START Data provided

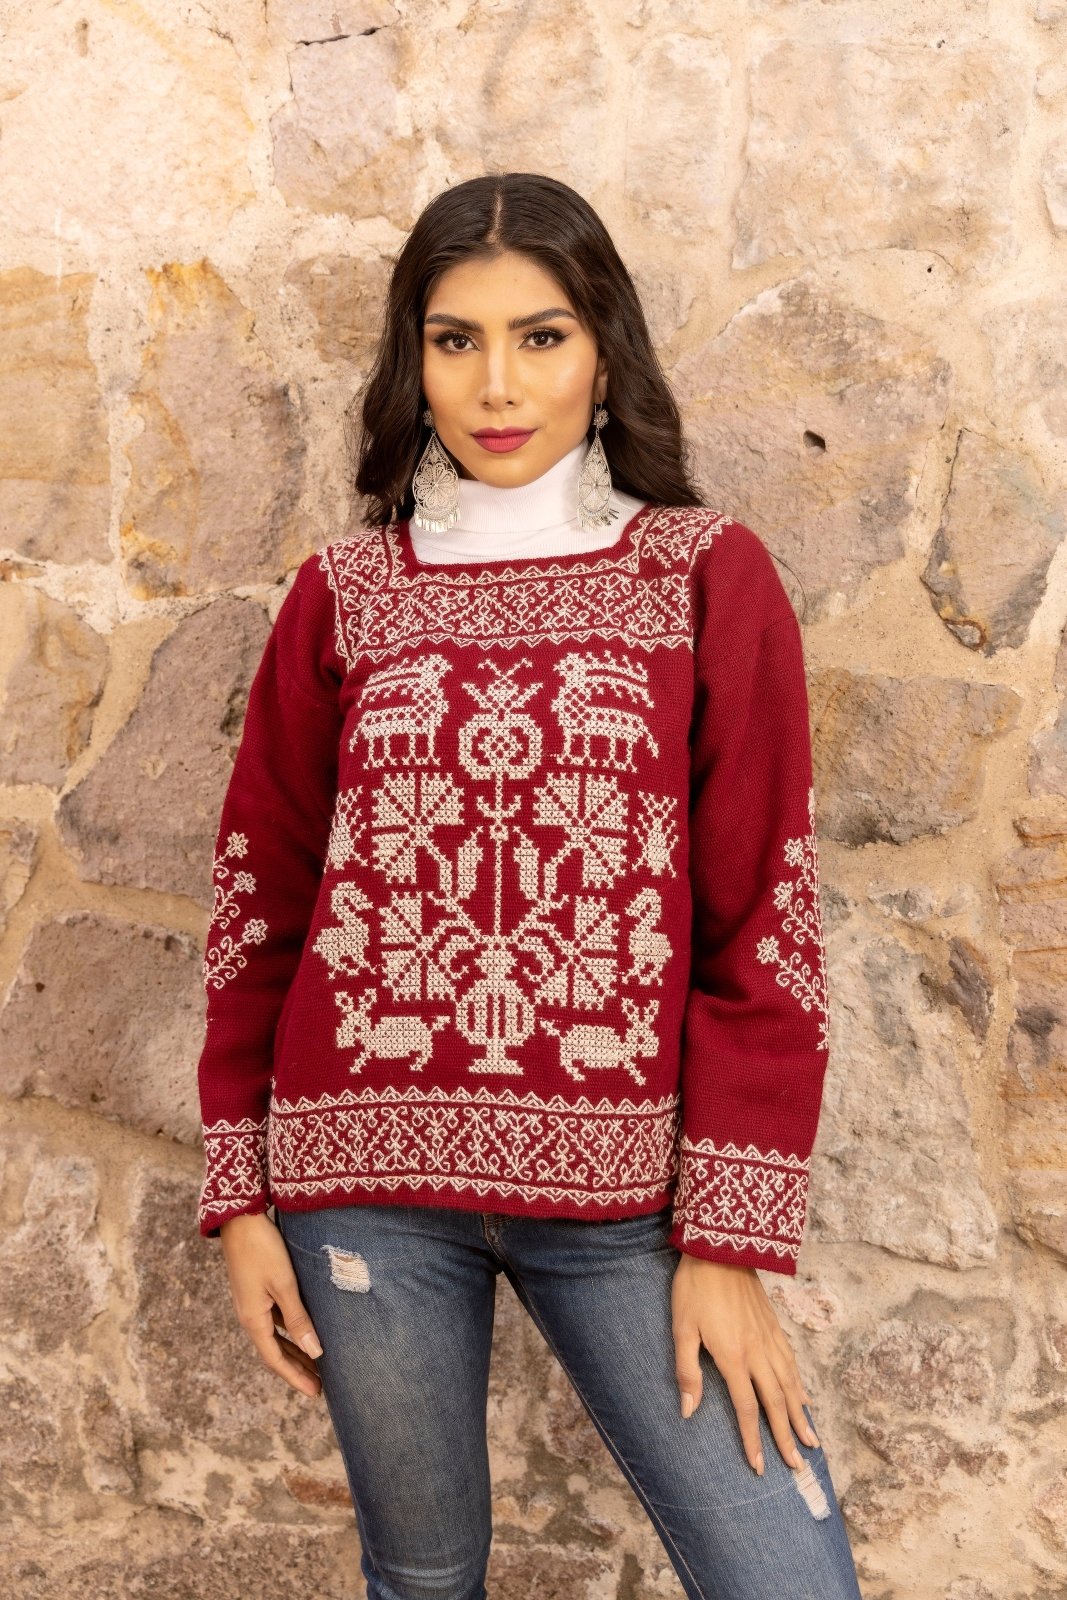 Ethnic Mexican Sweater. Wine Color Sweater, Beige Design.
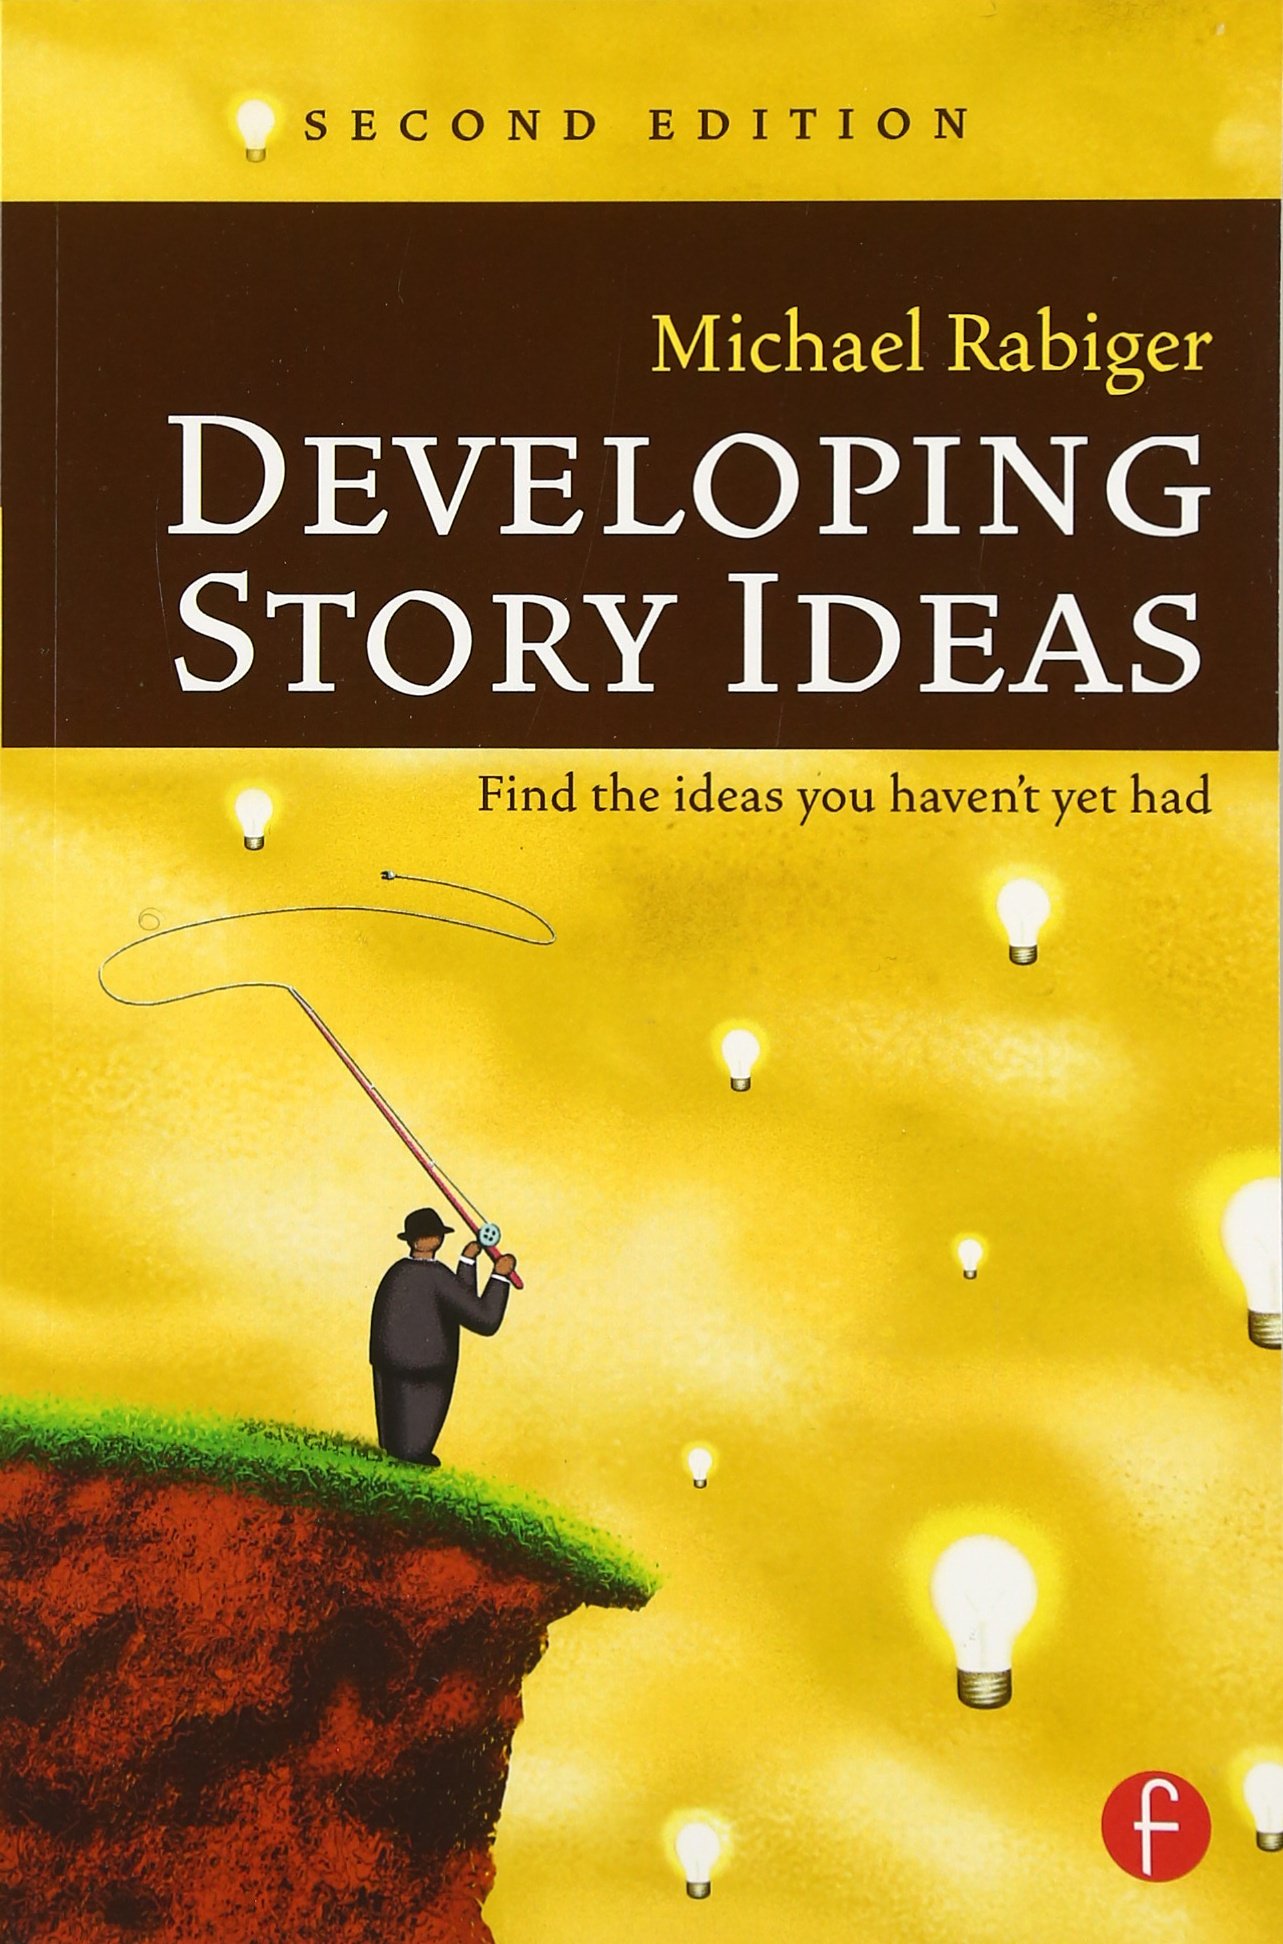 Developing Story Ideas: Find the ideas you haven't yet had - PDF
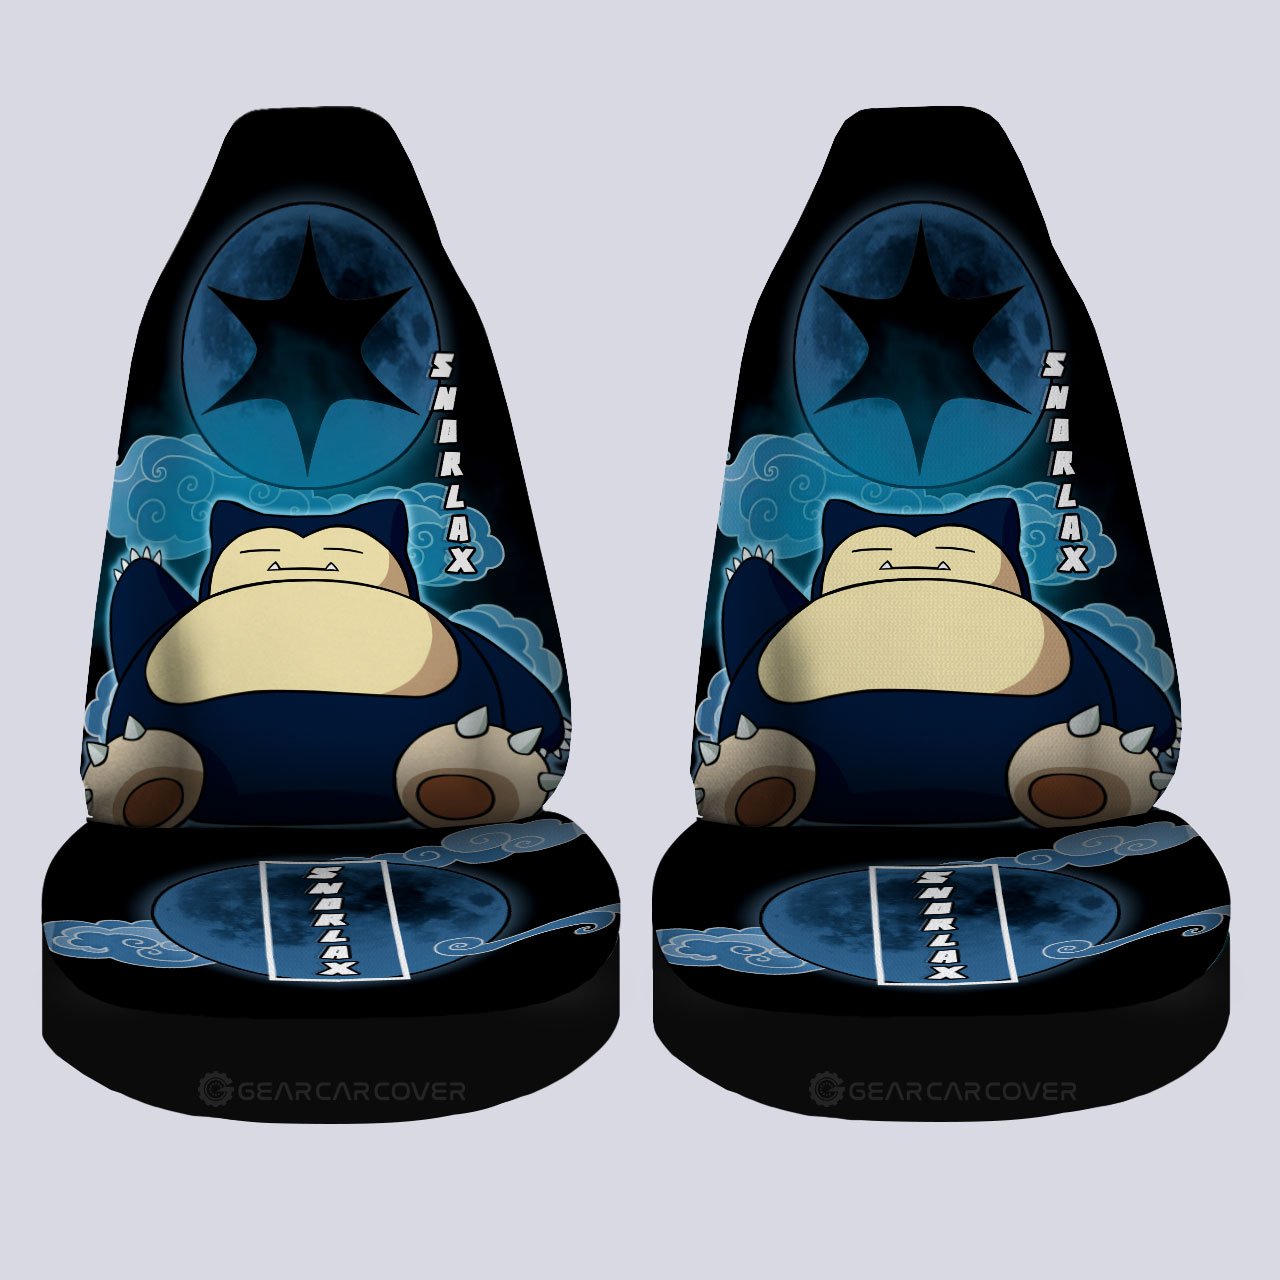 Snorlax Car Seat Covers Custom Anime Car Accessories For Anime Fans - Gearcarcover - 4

END Data provided

[Work request]: Restate the full listing verbatim and drop every picture.

[Solution to the exercise]:
 Ethnic Mexican Sweater. Wine Color Sweater, Beige Design.
 Developing Story Ideas: Find the ideas you haven't yet had - PDF
 Snorlax Car Seat Covers Custom Anime Car Accessories For Anime Fans - Gearcarcover - 4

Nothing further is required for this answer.